Ils applaudirent à ces noms, puis gardèrent un long silence. Cela devint si gênant que Machy éprouva soudain le besoin impérieux de parler. Et il expliqua sa vie :

— Je suis professeur…

— Ah ! fit-elle, je m’en doutais !

— … professeur d’écriture, continua-t-il, ma femme est couturière, je donne mes leçons le matin, et l’après-midi je me charge de l’enfant.

Elle riposta par une même expansion :

— Moi, mon mari est comptable. Nous ne sommes pas riches, je n’ai pas de bonne, et il faut encore que je sorte la petite.

Ils se regardèrent. Ils avaient tous deux une figure triste et un aspect convenable. Se connaissant, ils n’eurent plus rien à se dire.

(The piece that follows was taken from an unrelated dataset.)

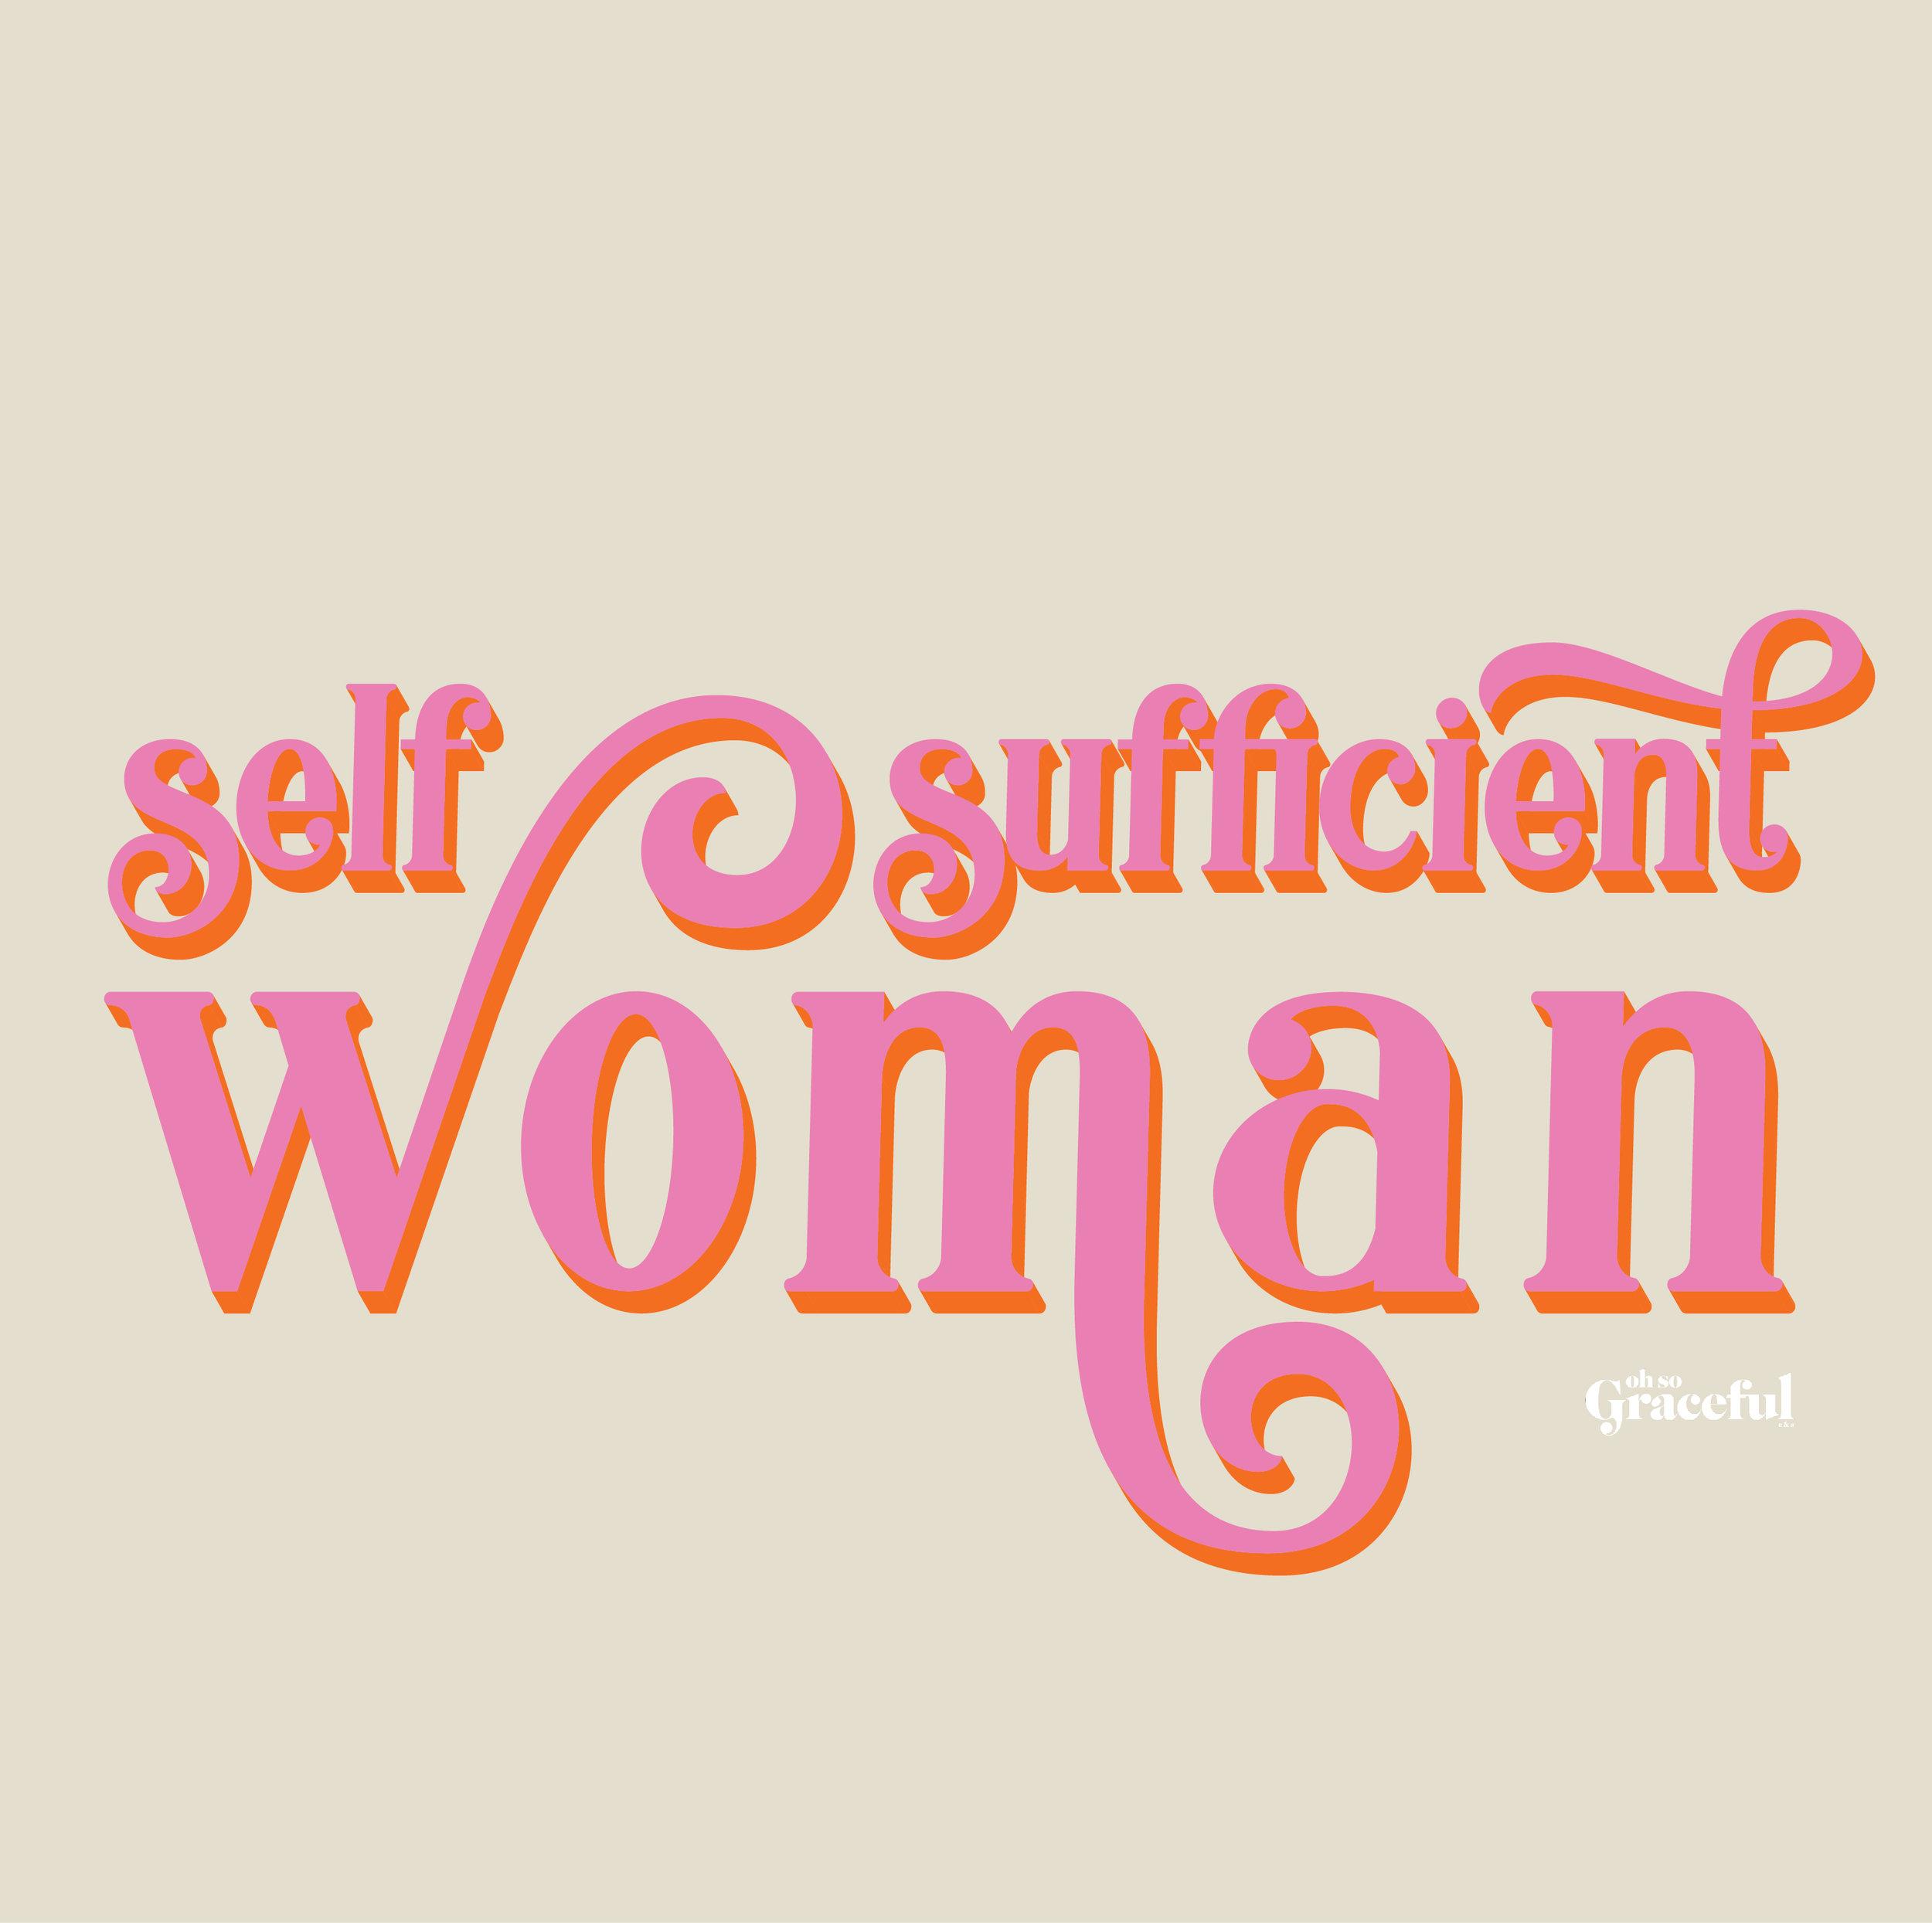 selfsufficient4.jpg

Le lendemain les ramena, et les jours suivants également. Ils s’asseyaient l’un près de l’autre, et comme ils étaient timides et peu loquaces, ils prononçaient de rares paroles.

D’ailleurs, les deux enfants les occupaient beaucoup. Les petits s’entendaient à merveille. Très vite las des jeux bruyants, ils se promenaient dans les allées les plus désertes. La séparation quotidienne les affectait vivement. Chez eux, ils ne pensaient qu’au plaisir de se revoir. Et dès l’arrivée au jardin, ils se jetaient dans les bras l’un de l’autre.